FOOD = Namespace("http://purl.obolibrary.org/obo/")
RDFS = Namespace("http://www.w3.org/2000/01/rdf-schema#")

In [None]:
# get the fruit data through the SPARQL query 
query = prepareQuery(   
    """
    SELECT ?fruit_label (SAMPLE(?fruit_id) AS ?rndm_fruit_id) (SAMPLE(?def) AS ?rndm_def)
    WHERE {
        ?fruit_id rdfs:label ?label.
        ?fruit_id rdfs:subClassOf+ food:PO_0009001.
        OPTIONAL { ?fruit_id food:IAO_0000115 ?def. }

        BIND (LCASE(STR(?label)) AS ?str_label).
        BIND (STRBEFORE(?str_label, "(") AS ?fruit_label).
        FILTER CONTAINS(?str_label, "whole").
        FILTER NOT EXISTS { ?fruit_id rdfs:subClassOf* food:PO_0030104. }
        FILTER (?fruit_id != food:FOODON_03304644).
    }
    GROUP BY ?fruit_label
    ORDER BY ?fruit_label
    """,
    initNs={"food": FOOD, "rdfs": RDFS}
)

fruits = g.query(query)

In [None]:
# get the vegetable data through the SPARQL query 
query = prepareQuery(
    """
    SELECT ?veg_label (SAMPLE(?veg_id) AS ?rndm_veg_id) (SAMPLE(?def) AS ?rndm_def)
    WHERE {
        ?veg_id rdfs:label ?label.
        ?veg_id rdfs:subClassOf+ food:FOODON_03302008.
        OPTIONAL { ?veg_id food:IAO_0000115 ?def. }

        BIND (LCASE(STR(?label)) AS ?str_label).
        BIND (STRBEFORE(?str_label, "(") AS ?veg_label).
        FILTER NOT EXISTS { ?veg_id rdfs:subClassOf* food:FOODON_03302007. }
    }
    GROUP BY ?veg_label
    ORDER BY ?veg_label
    """,
    initNs={"food": FOOD, "rdfs": RDFS}
)

veggies = g.query(query)

In [None]:
# convert query results into panda dataframes for further analysis
fruit_list = [(str(row[0]), str(row[1]), str(row[2])) for row in fruits]
veggie_list = [(str(row[0]), str(row[1]), str(row[2])) for row in veggies]

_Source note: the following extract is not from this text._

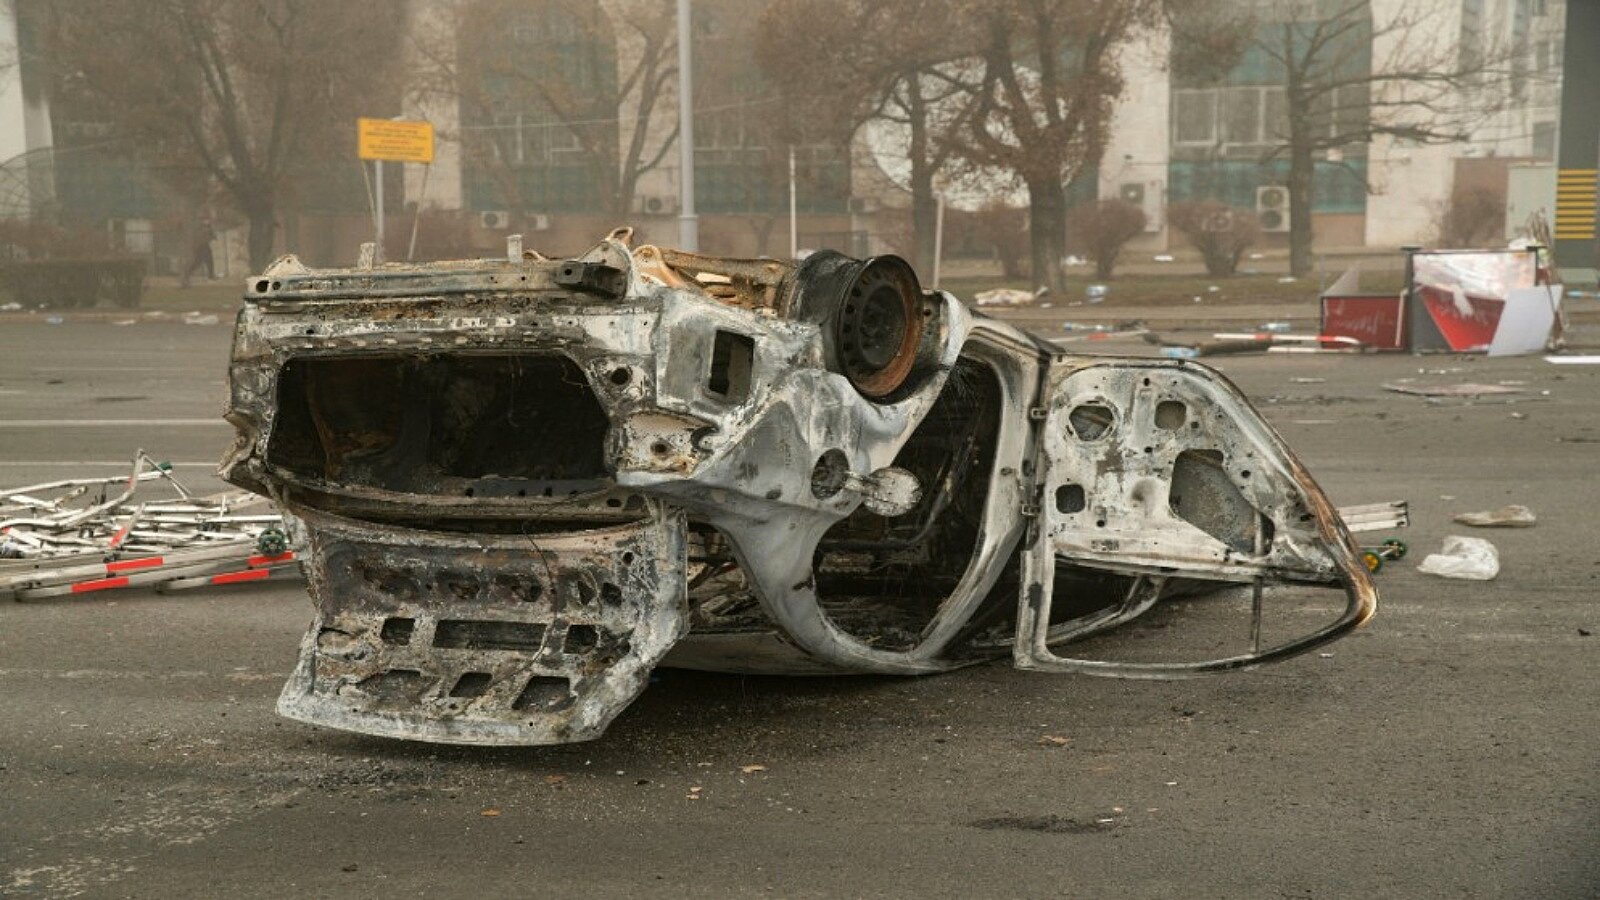 سيارة مدمرة بعد الاضطرابات في ألماتي، كازاخستان

fruit_df = pd.DataFrame(fruit_list, columns=["fruit_label", "rndm_fruit_id", "rndm_def"])
veggie_df = pd.DataFrame(veggie_list, columns=["veg_label", "rndm_veg_id", "rndm_def"])

In [None]:
# add results to ontology
cut = Graph()
cut.parse(foodcut_loc)

CUT = Namespace("http://www.ease-crc.org/ont/food_cutting/")

super_fruit = URIRef('http://purl.obolibrary.org/obo/PO_0009001')
super_veggie = URIRef('http://www.ease-crc.org/ont/food_cutting#vegetable')

for index, row in fruit_df.iterrows():
    fruit = URIRef(row['rndm_fruit_id'])
    cut.add((fruit, RDFS.subClassOf, super_fruit))
    cut.add((fruit, RDFS.label, Literal(row['fruit_label'])))
    cut.add((fruit, RDFS.comment, Literal(row['rndm_def'])))

for index, row in veggie_df.iterrows():
    veggie = URIRef(row['rndm_veg_id'])
    cut.add((veggie, RDFS.subClassOf, super_veggie))
    cut.add((veggie, RDFS.label, Literal(row['veg_label'])))
    cut.add((veggie, RDFS.comment, Literal(row['rndm_def'])))
    
cut.serialize(destination=foodcut_loc)